• **What you are asked to do**: Could you repeat exactly the lines below, from the line containing "Heritage Cyrela - Apartamento" through the last one, both included, while leaving out any pictures?
=== Dataset content ===
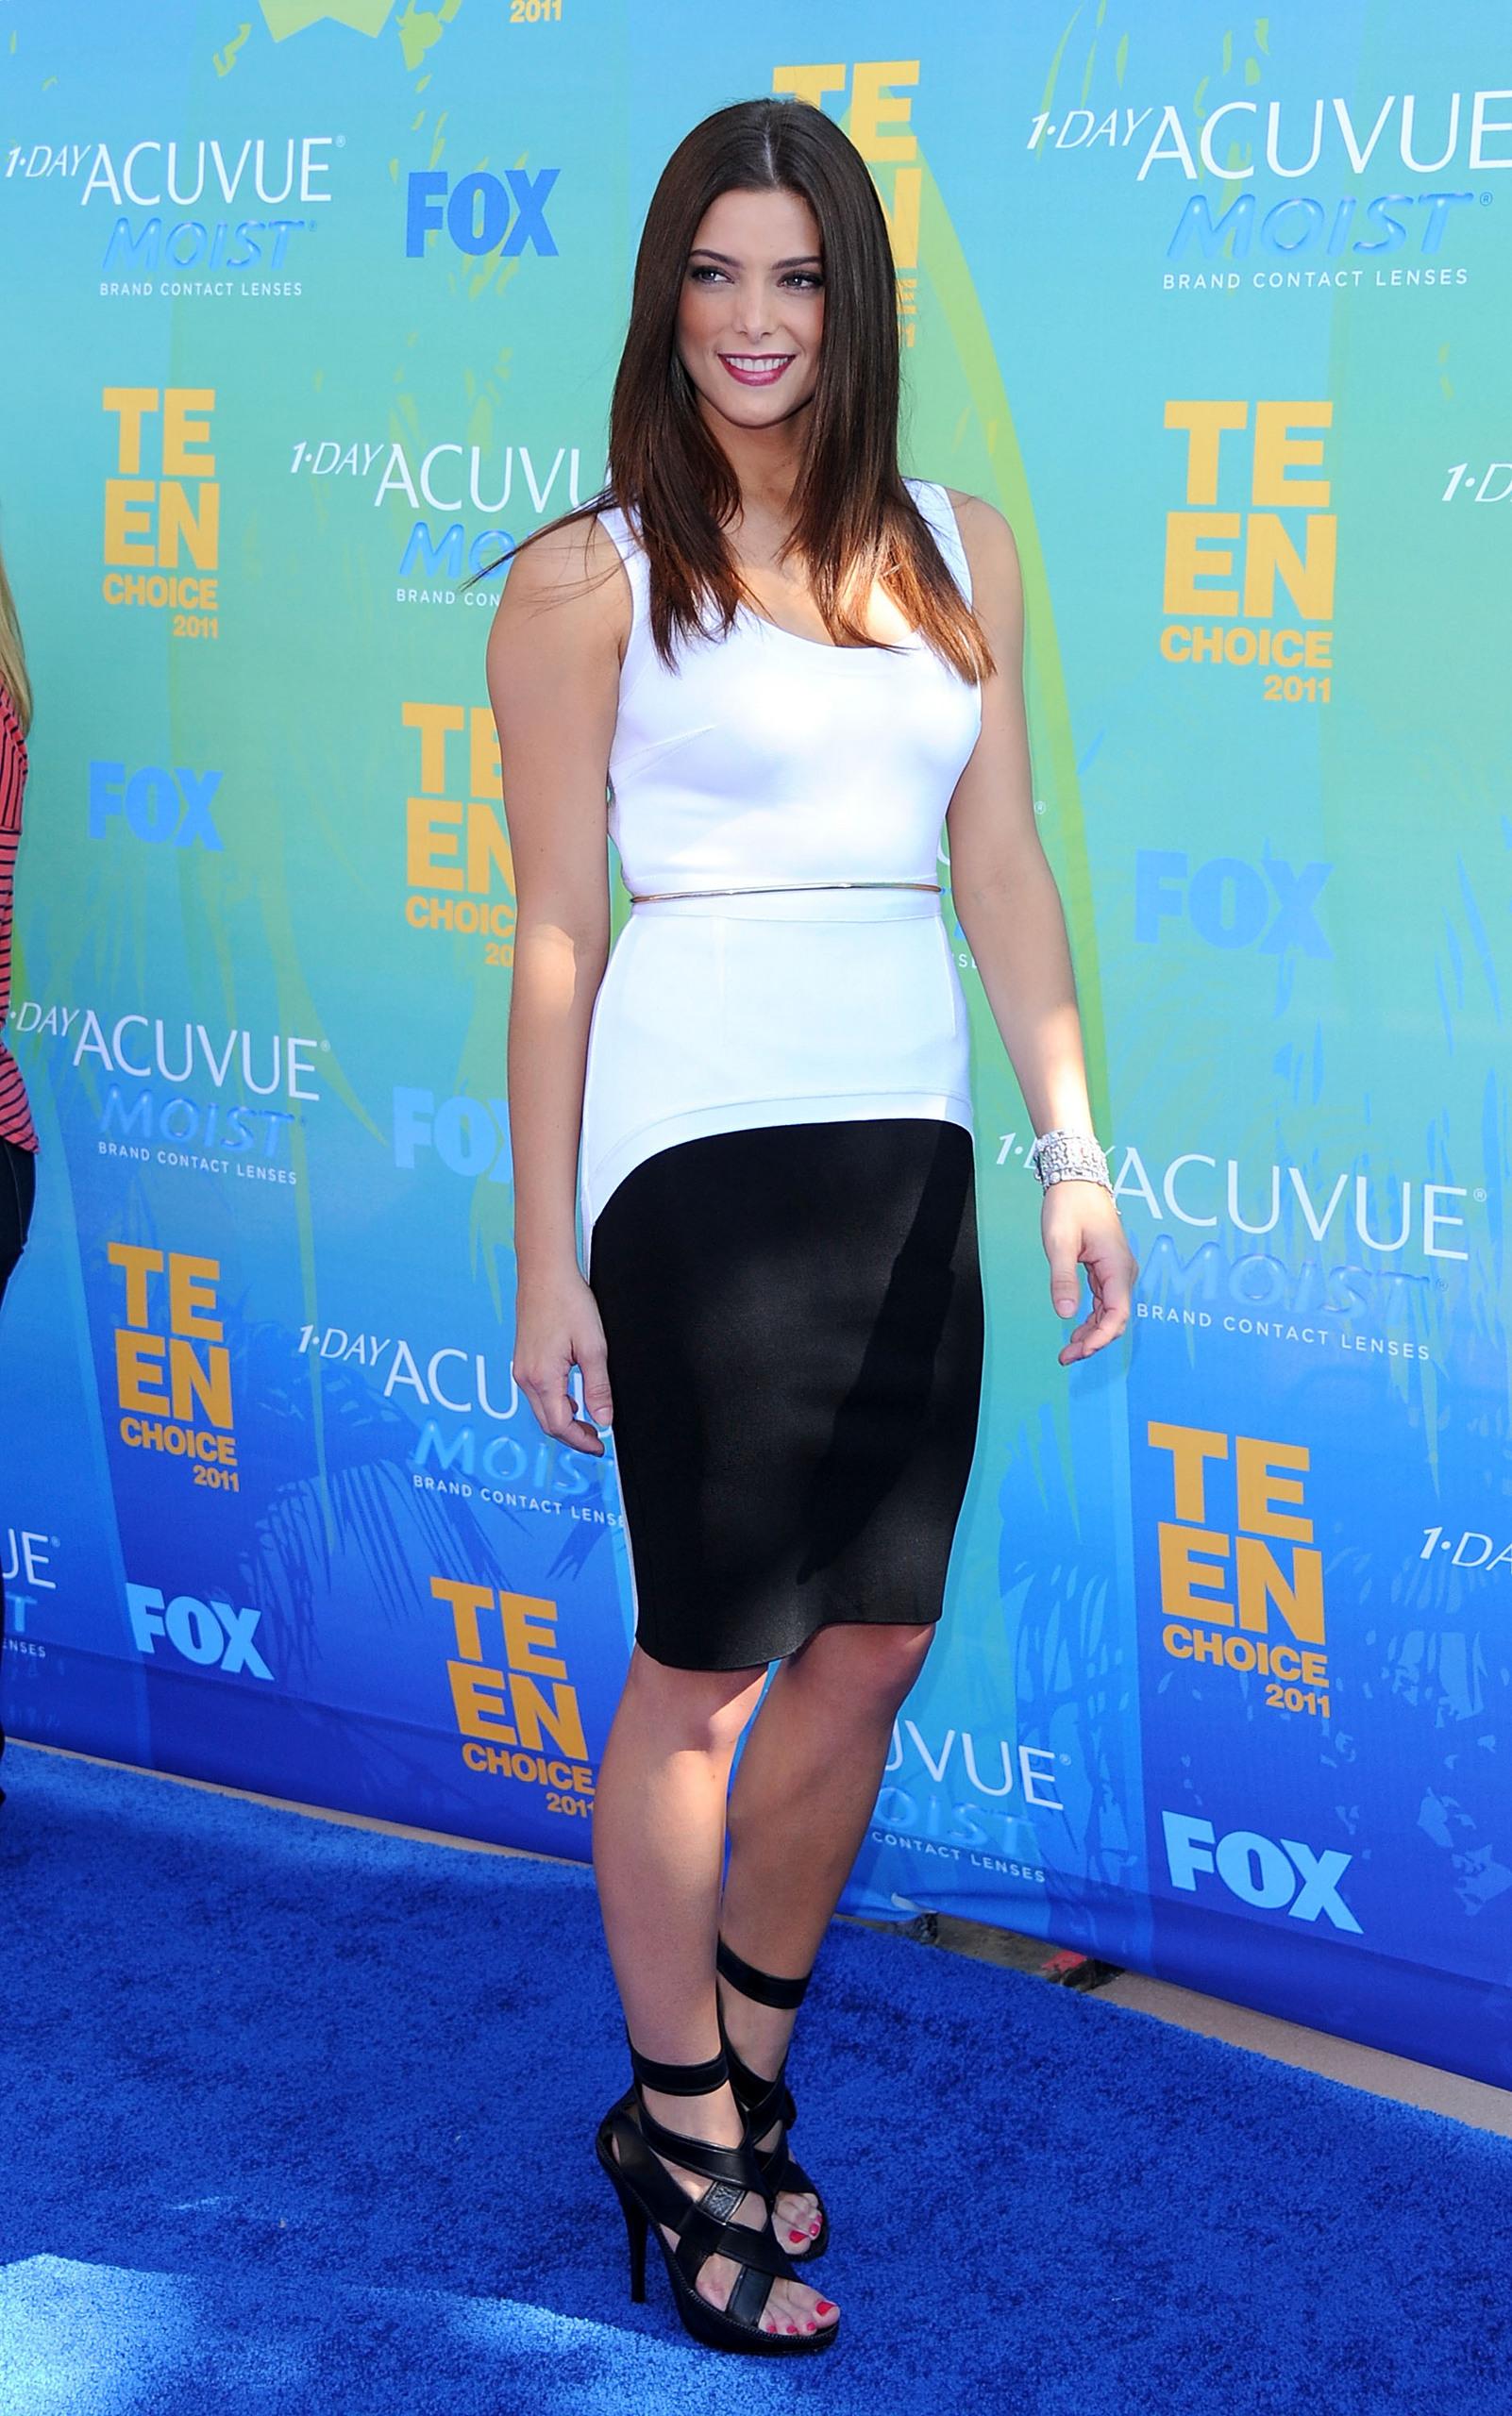 Ashley Greene at the Teen Choice Awards 2011 [HQ]
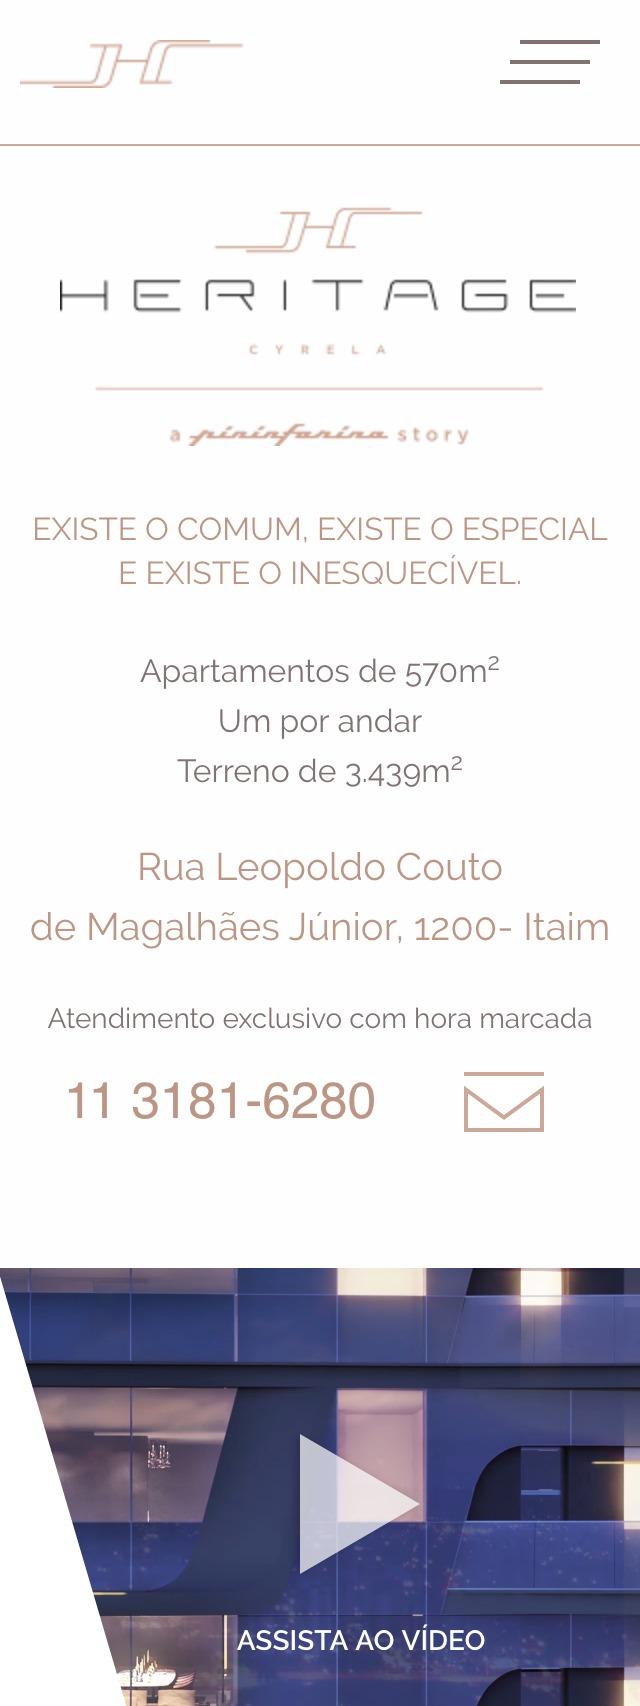 Heritage Cyrela - Apartamento de Luxo no Itaim Bibi - 023.jpg
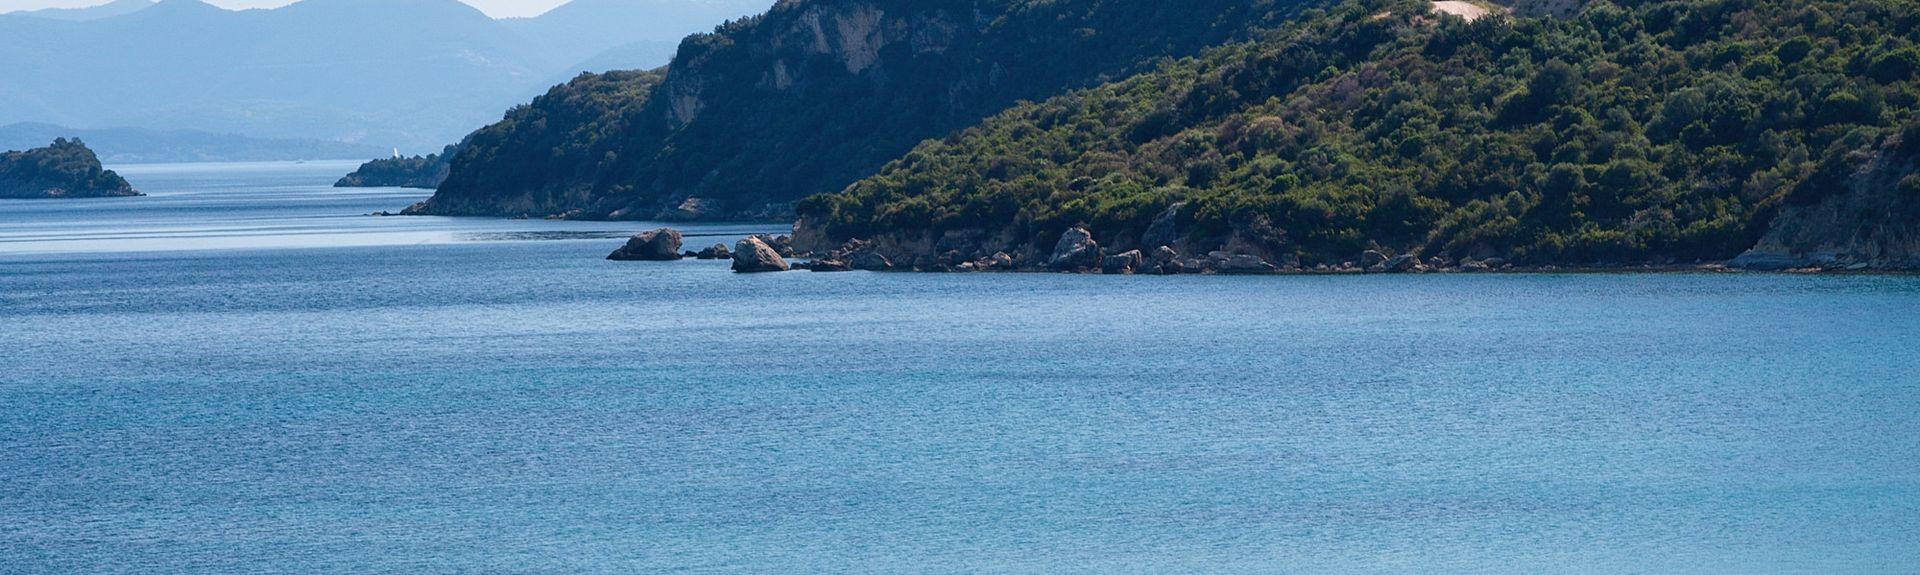 Anaktorio, Peloponnesos, Kreikka
===
• **Answer space**:
 Heritage Cyrela - Apartamento de Luxo no Itaim Bibi - 023.jpg
 Anaktorio, Peloponnesos, Kreikka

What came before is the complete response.